Simplify the Exponential Fraction: (2×9)^(x+7) ÷ (9×2)^(y+4)

Insert the corresponding expression:

$\frac{\left(2\times9\right)^{x+7}}{\left(9\times2\right)^{y+4}}=$

Let's start solving the expression:

$\frac{\left(2\times9\right)^{x+7}}{\left(9\times2\right)^{y+4}}=$

First, observe the base of the numerators and denominators.
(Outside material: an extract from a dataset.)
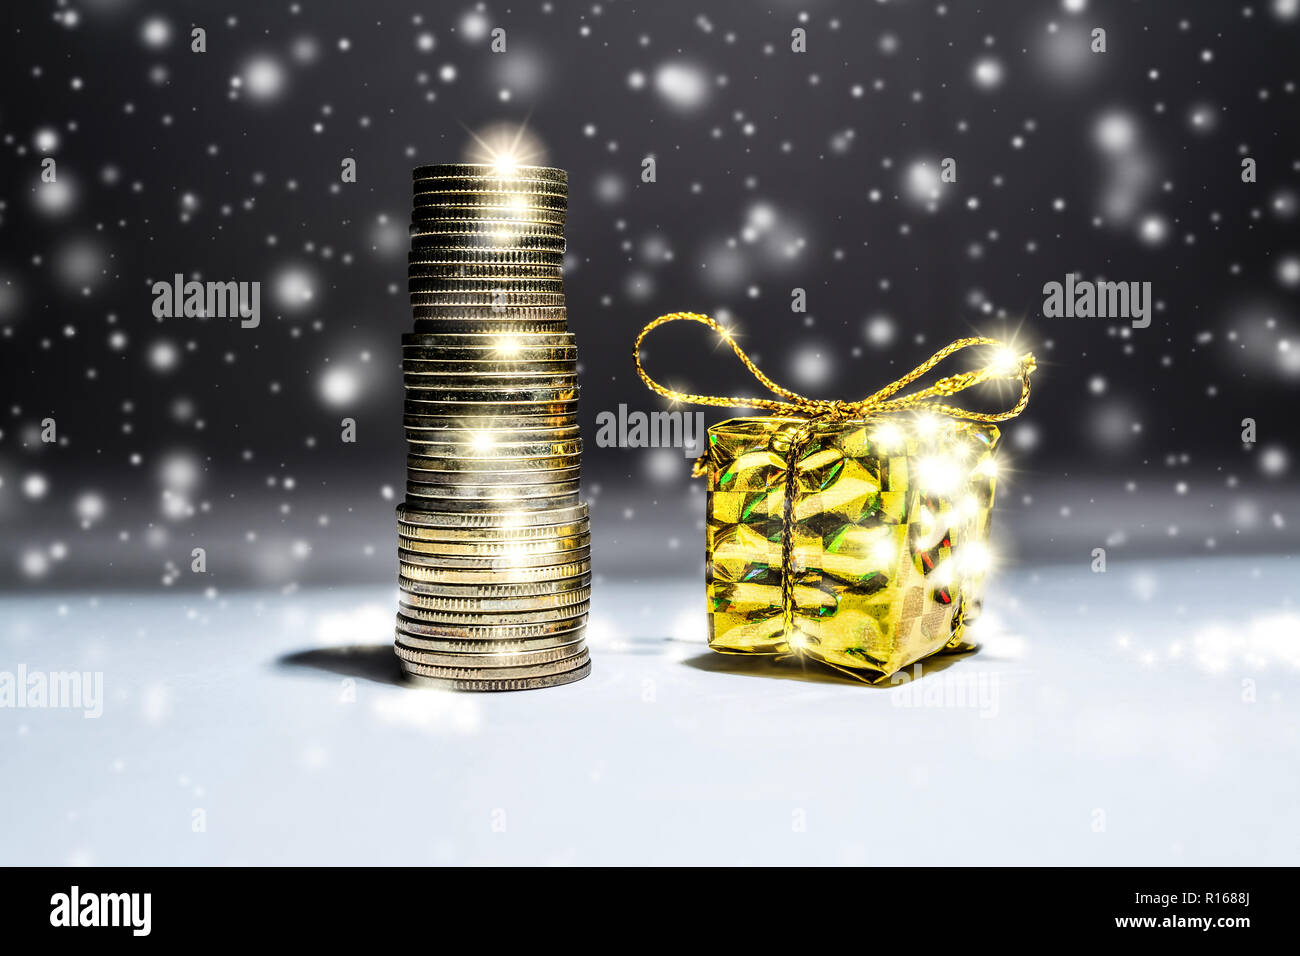 Das neue Jahr still-Leben mit einem Stapel von Goldmünzen und eine Box mit einem Geschenk auf einem dunklen Hintergrund mit fallendem Schnee Stockfoto

Both are essentially equal since $2\times9 = 9\times2 = 18$.

Thus, the expression can be written as:

$\frac{18^{x+7}}{18^{y+4}}$

According to the rule of exponents \/, where $\frac{a^m}{a^n} = a^{m-n}$, we can subtract the exponents in such a situation:

Therefore, our expression becomes:

$18^{(x+7)-(y+4)}$

Now simplify the exponent:

$x + 7 - y - 4 = x - y + 3$

Thus, the final simplified expression is:

$18^{x-y+3}$

Observe that $18 = 9 \times 2$, hence the expression can also be rewritten as:

$\left(9\times2\right)^{x-y+3}$

The solution to the question is: $\left(9\times2\right)^{x-y+3}$